Wexford has grouped them under the theme of 'Magic and Music', with the theme of the exotic 'other' or orientalism perhaps more aptly characterizing the selection.

Jacques Fromental Halévy's “La Tempesta” based on Eugène Scribe's adaptation of Shakespeare's “Storm” kicked things off in a co-production with the Teatro Coccia in Novara, Piedmont.

Felix Mendelssohn Bartholdy was originally intended to set the libretto to music.

However, he turned down the commission, not least because he disliked Scribe's reductive corruption of Shakespeare.

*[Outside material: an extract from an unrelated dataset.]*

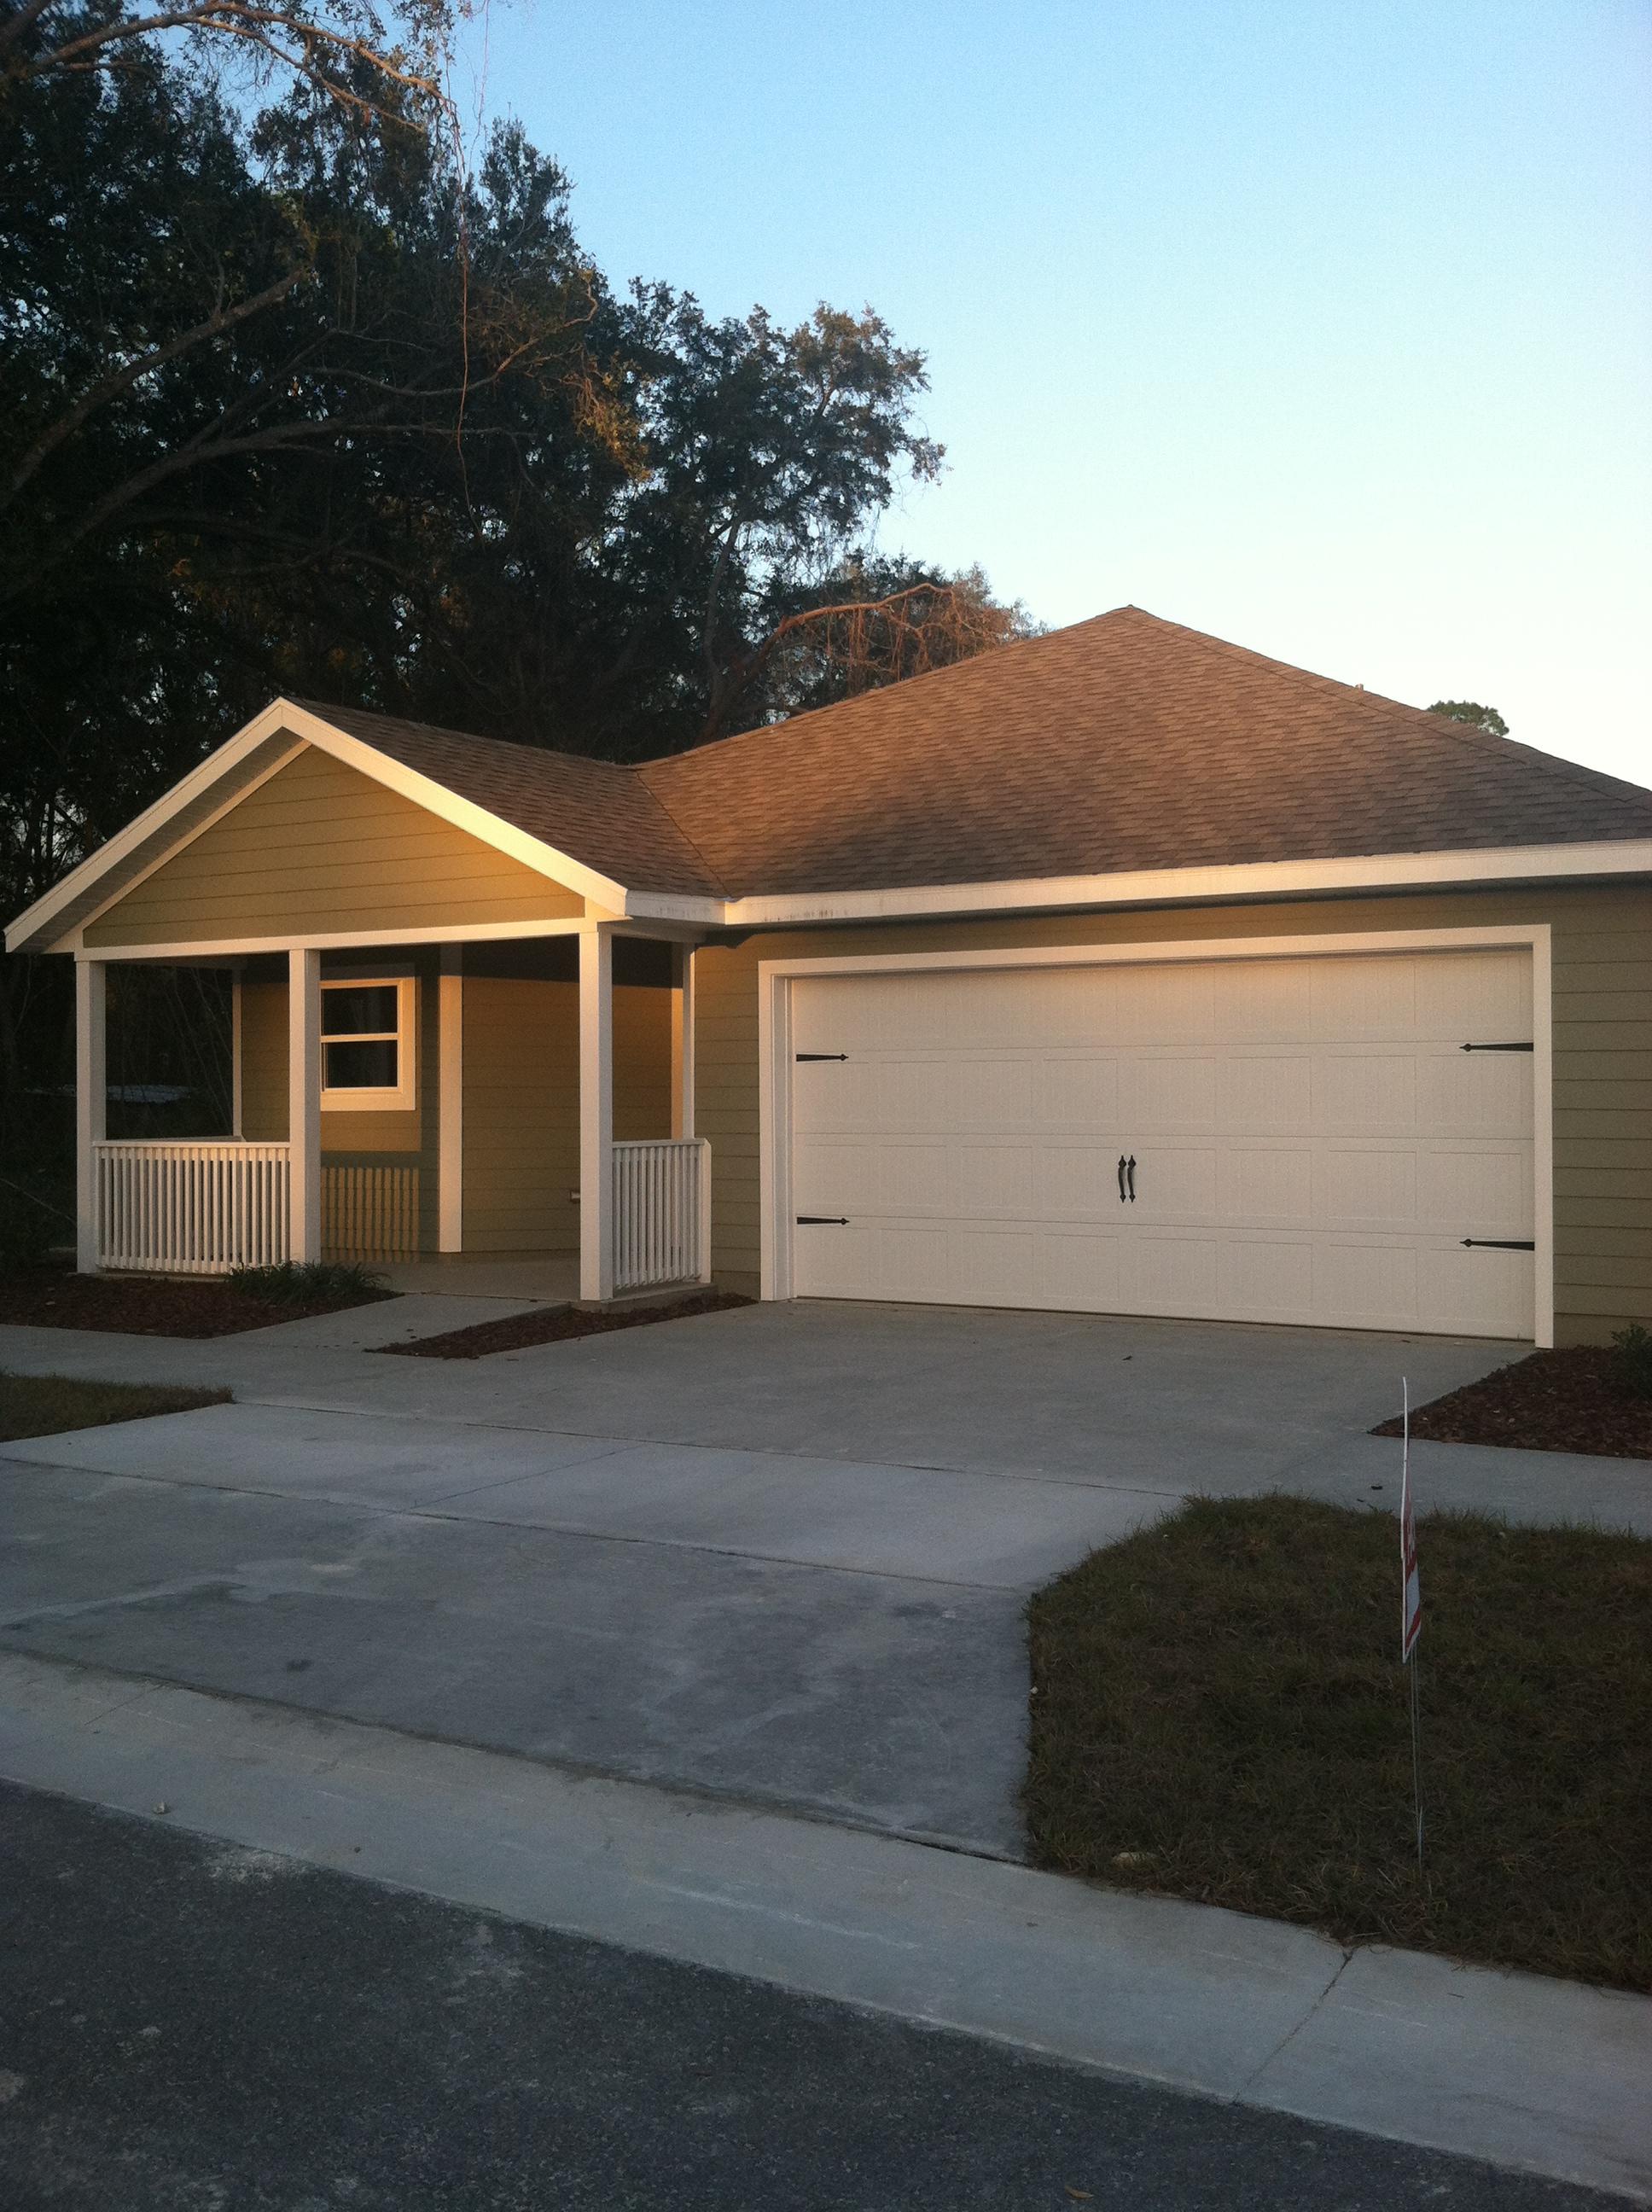 Chris martin properties newberrys newest community offering homes starting in 160s rubansaba

And so the choice fell on Halévy.

Prejudices?

But not the English!

His "Tempesta" is a European mongrel: English poet, French librettist, French composer, premiered in London in 1850 in Italian in the style of Italian opera, with the effort of the Parisian "Grand opéra".

The London audience was enthusiastic, and the critics mostly praised it.

However, Scribe's free handling of The Tempest reinforced the British prejudice that the French should not be trusted with Shakespeare.

In Scribe, the princely magician Prospero becomes a marginal figure.

Instead, his daughter Miranda and the desires of the natural man Caliban, who has been shaken by him, are brought into focus for her.

A magazine published a satirical recipe for an Avon swan, as Shakespeare is known, with instructions

to repeatedly boil and cool the dismembered bird until the pieces were thoroughly broken up.

"To be served hot to an enlightened audience who will be delighted that a French chef has made such a splendid fricassee of his beloved Avon swan." all forty operas by Halévy except for "La Juive".